The 13 star count has been used throughout our nation's history for a variety of purposes. In addition to being flown by the Navy, 13 star flags were hoisted at patriotic events, including Lafayette’s visit in 1824-25, the celebration of the nation's centennial in 1876, and the sesquicentennial in 1926, as well as for annual celebrations of Independence Day. They were displayed during the Civil War, to reference past struggles for American liberty, and were used by 19th century politicians in political campaigning. The use of yachting ensigns with a wreath of 13 stars surrounding a fouled anchor, which allowed pleasure boats to bypass customs between 1848 and 1980, persists today without an official purpose.
Provenance: This flag was presented from June 14th – July 21st at the Museum of the American Revolution in Philadelphia, in an exhibit entitled “A New Constellation,” curated by Jeff Bridgman. This was the first ever, large scale exhibit of 13 star examples at a major museum.
Mounting: The flag was mounted and framed within our own conservation department, which is led by expert staff. We take great care in the mounting and preservation of flags and have framed thousands of examples.
The flag has been hand-stitched to 100% hemp fabric or a hemp and cotton blend (we use both interchangeably). The solid walnut frame dates to the period between black-painted and hand-gilded molding with its wide, shaped profile, is Italian. The glazing is U.V. protective acrylic (Plexiglas). Feel free to inquire for more details.

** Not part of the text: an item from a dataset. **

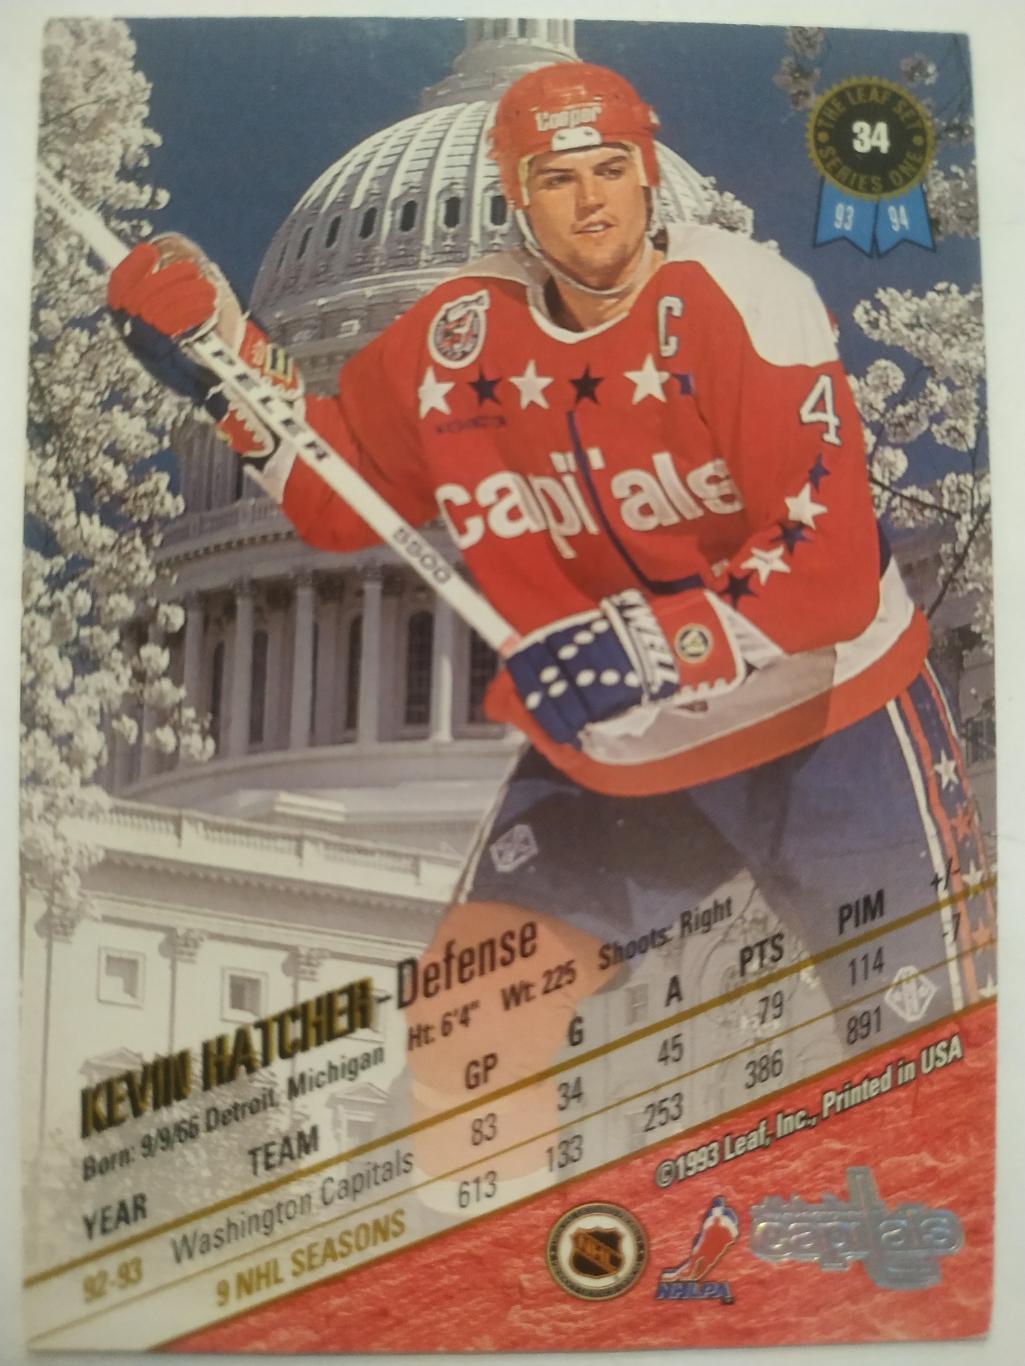 ХОККЕЙ КАРТОЧКА НХЛ LEAF SET SERIES ONE 1993-94 KEVIN HATCHER WASHINGTON #34 1

Condition: There is minor mothing in limited areas, accompanied by modest to moderate areas of the same in the 2nd and 4th white stripes, near the fly end, and along the canton, on the hoist end. Fabric of similar coloration was placed behind these areas, for masking purposes, during the mounting process. There is significant soiling along then entire length of the hoist binding. There are minor stains in the 1st and 2nd stripes, near the fly and hoist ends, respectively, and near the fly end of the 8th stripe. Many of my clients prefer early flags to show their age and history of use.